Quando se fala em mobilidade, há as acessibilidades também. Braga tem carência de espaços, de rampas que permitam às pessoas com mobilidade reduzida acederem a certas zonas da cidade. Por exemplo, quem desce a Rua do Cemitério e vira para a Rua dos Congregados, convido a irem, se forem com uma pessoa com uma cadeira de rodas, não conseguem descer aquela rua porque tem escadas, porque tem ao lado a estrada e não há passeio com rampa. Tudo isto são preocupações que temos de fazer: um plano de acessibilidades. Estudar e ir bairro a bairro, freguesia a freguesia, e ver as barreiras arquitetónicas que existem e que obrigam a uma ação da Câmara que nunca tem tido e que nósm nas nossas visitas, todos os dias temos feito visitas a freguesias, notamos isso e as pessoas queixam-se dessa falta de acessibilidades para as pessoas da terceira idade, com mobilidade reduzida ou até uma mãe com um carrinho de bebé vê-se atrapalhada a mover-se pela cidade.
Depois, em relação à cidade em si, nós queremos que seja uma cidade mais verde, mais ambientalmente amiga e até proponho, já o disse em outros fóruns, a baixar a temperatura máxima da cidade em 5 graus no verão, que é uma cidade que agudiza pelo calor. Toda a gente se queixa que Braga bate recordes de calor no verão. Acompanha Beja e Santarém. Nós temos um plano, eu não costumo inventar a roda, mas gosto de estudar os bons exemplos de outras cidades europeias.

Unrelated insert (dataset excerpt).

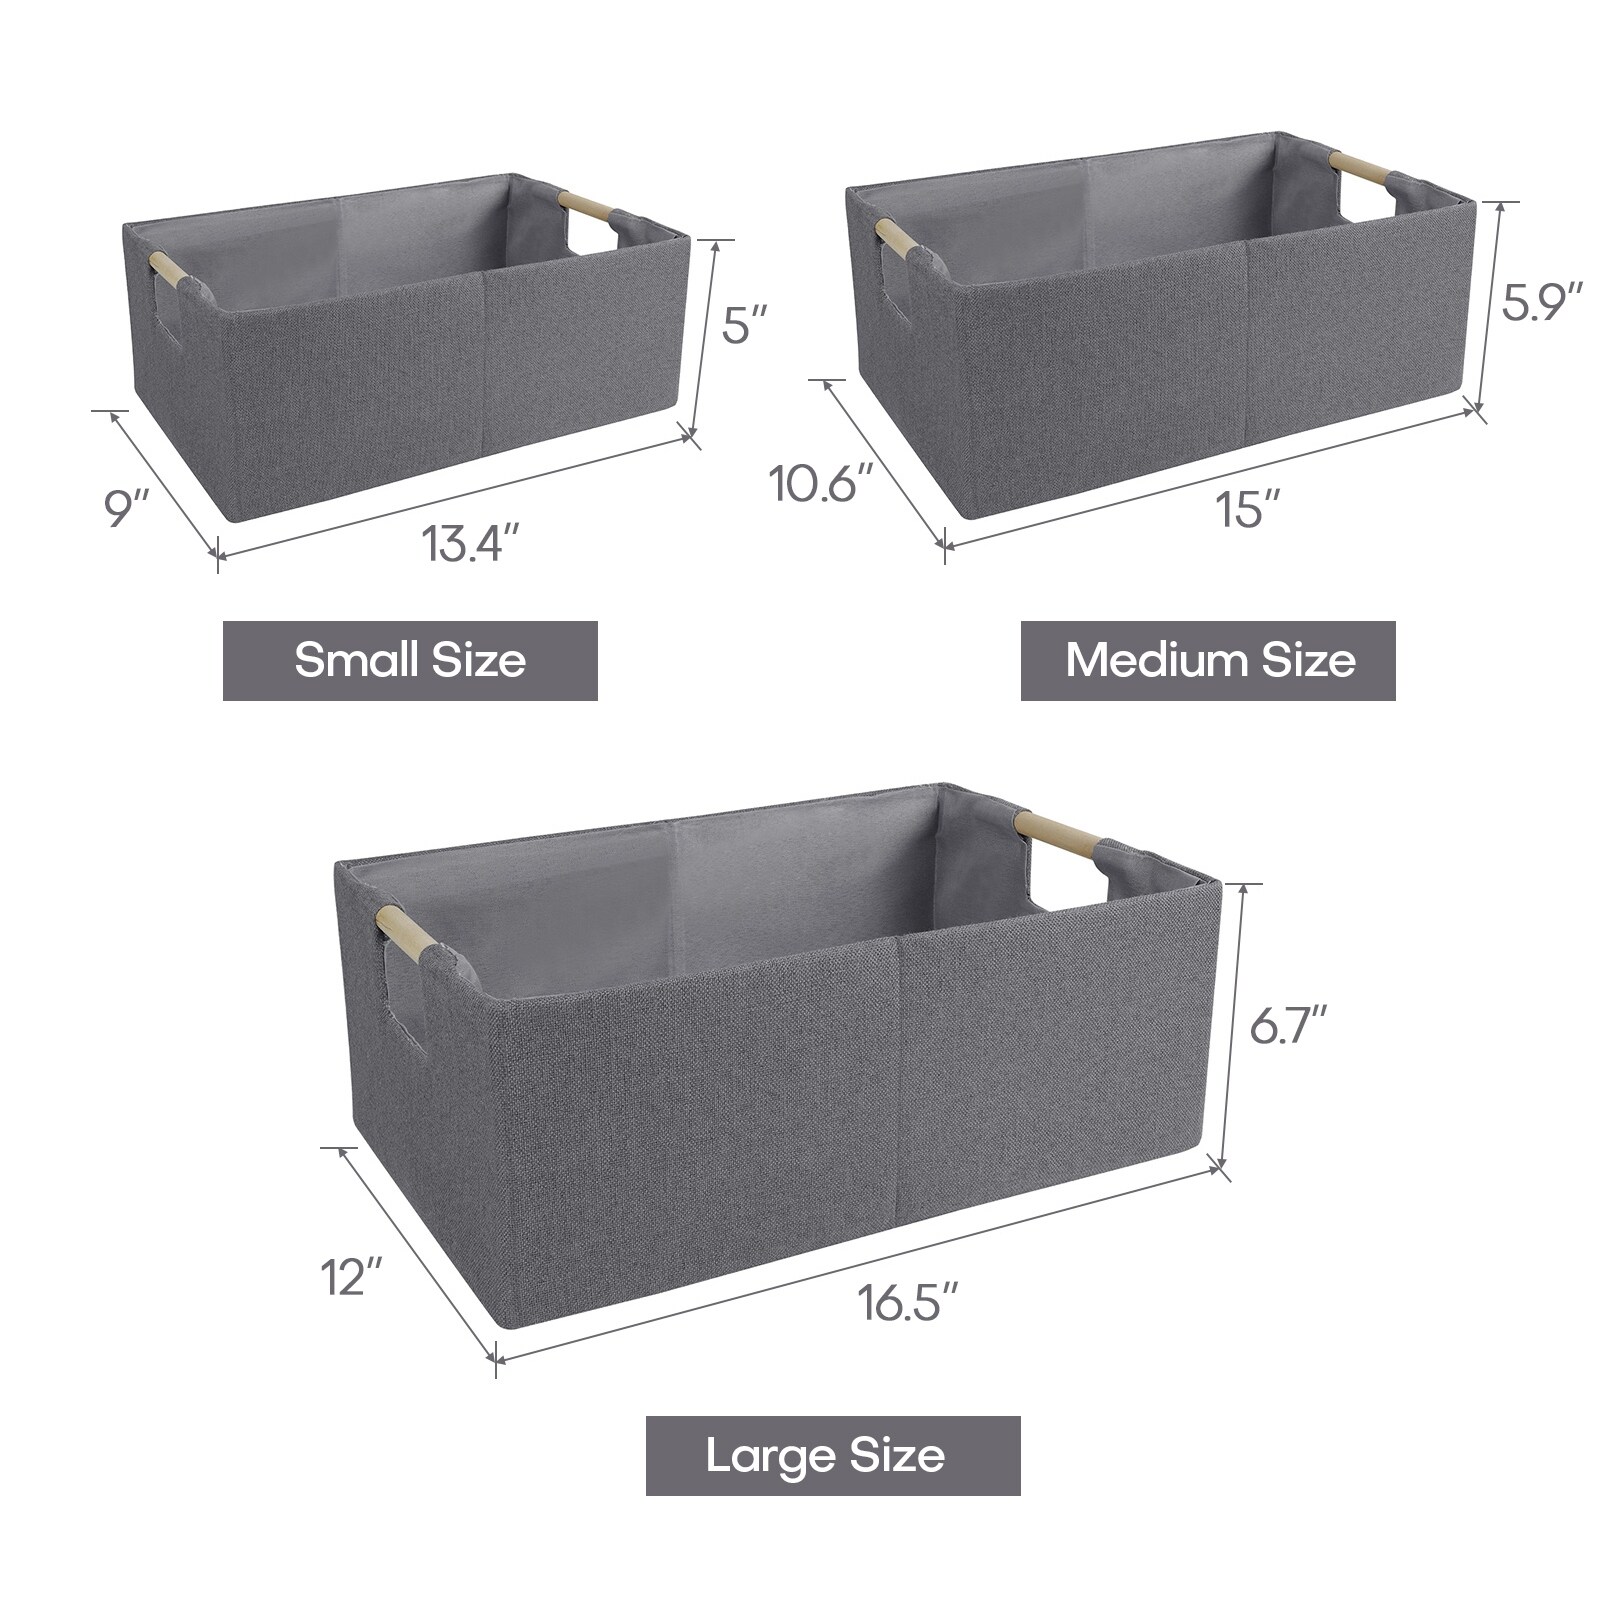 https://ak1.ostkcdn.com/images/products/is/images/direct/370afa7122a0f5d9a9684be170290aa1dfaa4746/Fabric-Foldable-Storage-Bins-Organizer-Container-W-Wood-Handles-2Pcs.jpg

Em Atenas, o presidente da Câmara de Atenas conseguiu fazer isso, baixar 5 graus na temperatura. Como? Com a criação de pérolas no centro da cidade, onde a gente tem aquele autêntico terreiro em granito que é a Arcada, criar zonas com lonas removíveis, que são aquelas lonas que se colocam, Madrid e Sevilha têm. No verão estão abertas e no inverno elas recolhem, e também as coberturas dos telhados com uma cobertura verde e as fachadas, dentro do possível também com coberturas verdes, de forma a baixarmos a temperatura. Isto tudo associado a um grande plano de arborização, porque Braga também carece de árvores e tem vindo a perder muitas nestes últimos abates.
Achamos que Braga precisa de uma resposta forte, porque são as alterações climáticas que tornam a cidade insustentável no verão, em termos de ambiente, e achamos que há possibilidades de melhorar muito nesta matéria.